Easiest IMO 6 I've ever seen WLOG let $(p,q)=1$. Call an index $i$ for which $x_i-x_{i-1}=p$ "falling" and other indices "rising". There must be $kq$ falling indices and $kp$ rising indices in total for some positive integer $k>1$. Now, define $f(i)$ for an index $0\le i\le (k-1)(p+q)$ as the number of falling indices in the range $[i+1,i+p+q]$. Since $\sum_{j=0}^{k}f(jp+jq)=kq$, there are two indices $j_1,j_2$ for which $f(j_1 p+j_1 q)\ge q$ and $f(j_2 p+j_2 q)\le q$. Continuity gives that there is an index $i$ in $[j_1 p+j_1 q, j_2 p+j_2 q]$ for which $f(i)=q$ as desired.
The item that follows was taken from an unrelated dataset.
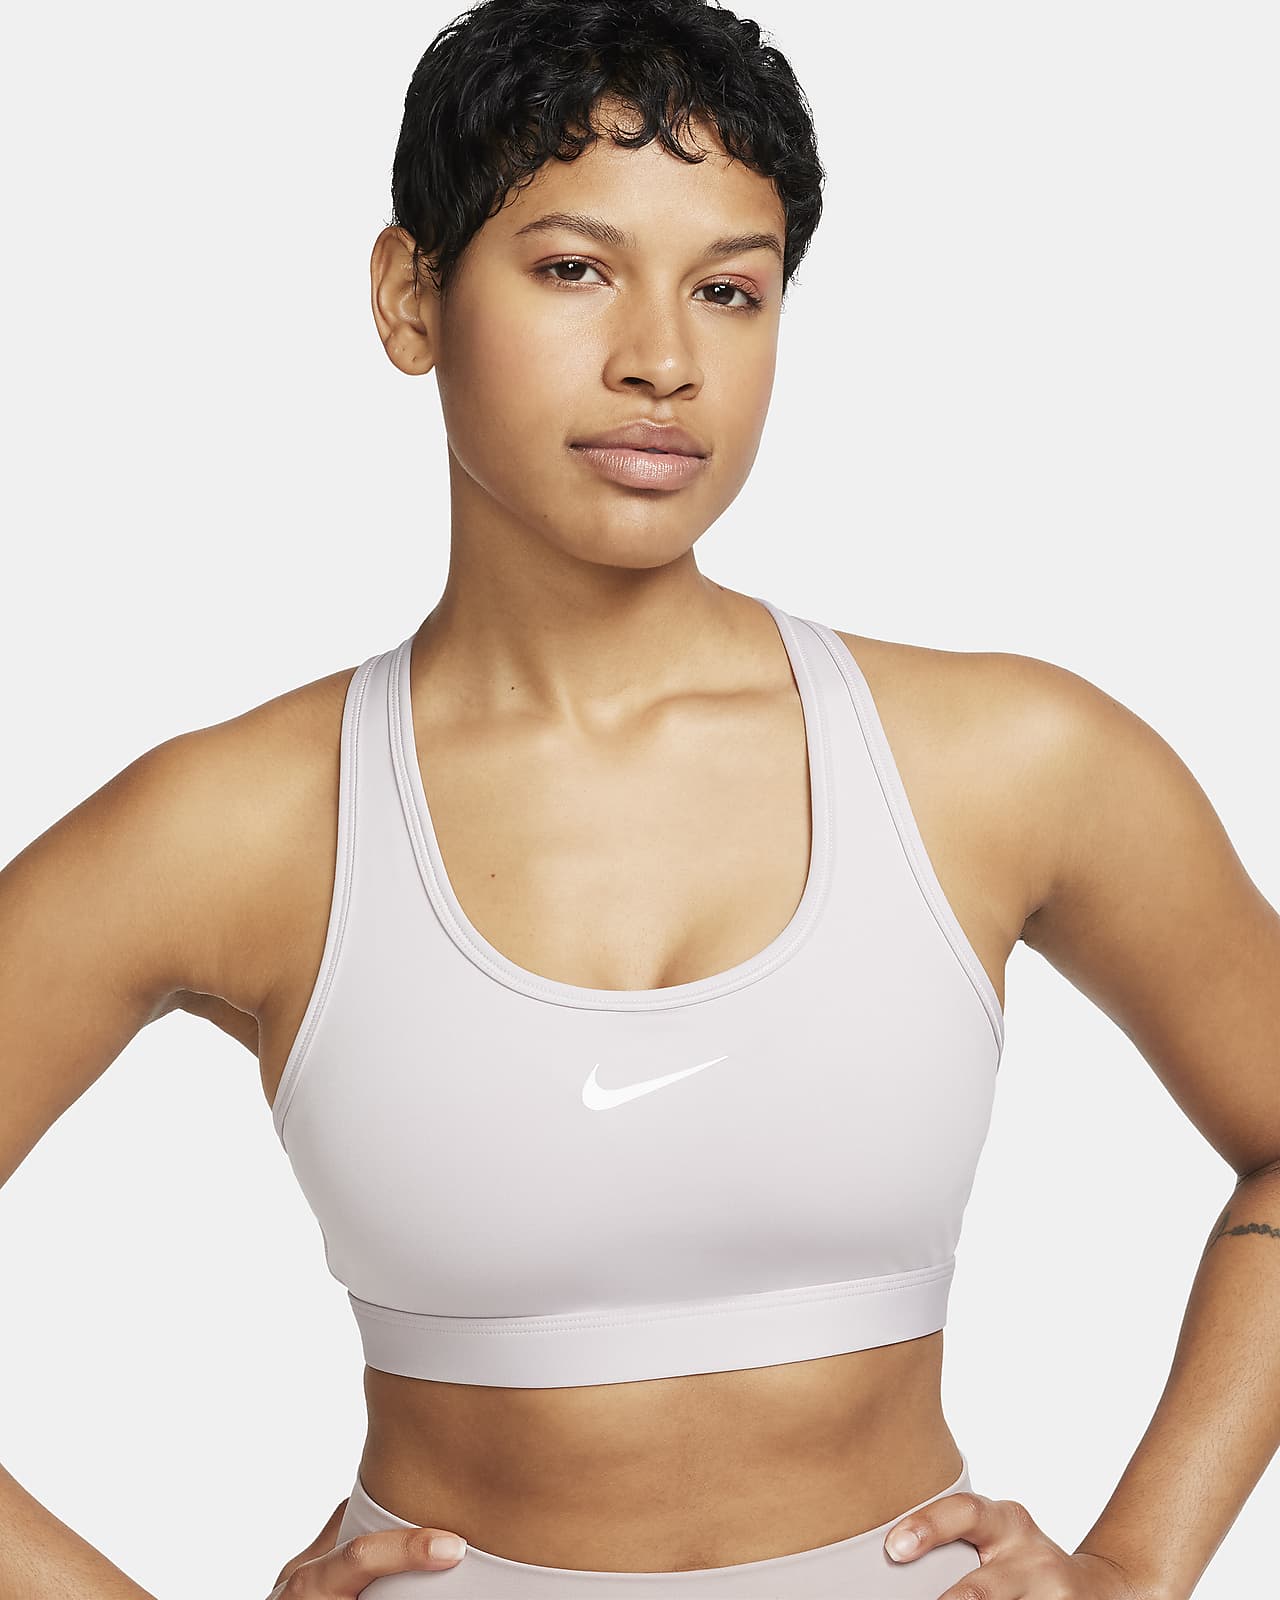 Buy Youloveit One Shoulder Sports Bras for Women Medium Support

We may assume that $p,q$ are coprime. Then we see that $n$ has to be a multiple of $p+q$; write $n=k(p+q)$ for some $k>1.$ Instead of looking at the sequence $(x_i)$ directly, we consider the sequence of differences $(x_{i}-x_{i-1}).$ We see that this contains $kq$ times the number $p$ and $kp$ times the number $q.$ It is now enough to find $p+q$ consecutive elements of this sequence which sum to $0$, or equivalently, which contain $q$ times the number $p.$ Consider the blocks formed by the first $p+q$ numbers, the $p+q+1$-th to $2(p+q)$-th number and so one. If one of these contains $p$ $q$-times, we are done. Otherwise we find two blocks such that one contains $<q$ and the other $>q$ times $p.$ Then we use discrete continuity (i.e. the fact that the number of $p$'s can only change by $-1,0$ or $1$ if we move from one block to the next) to find a block in between these blocks where $p$ apperars $q$ times, as desired.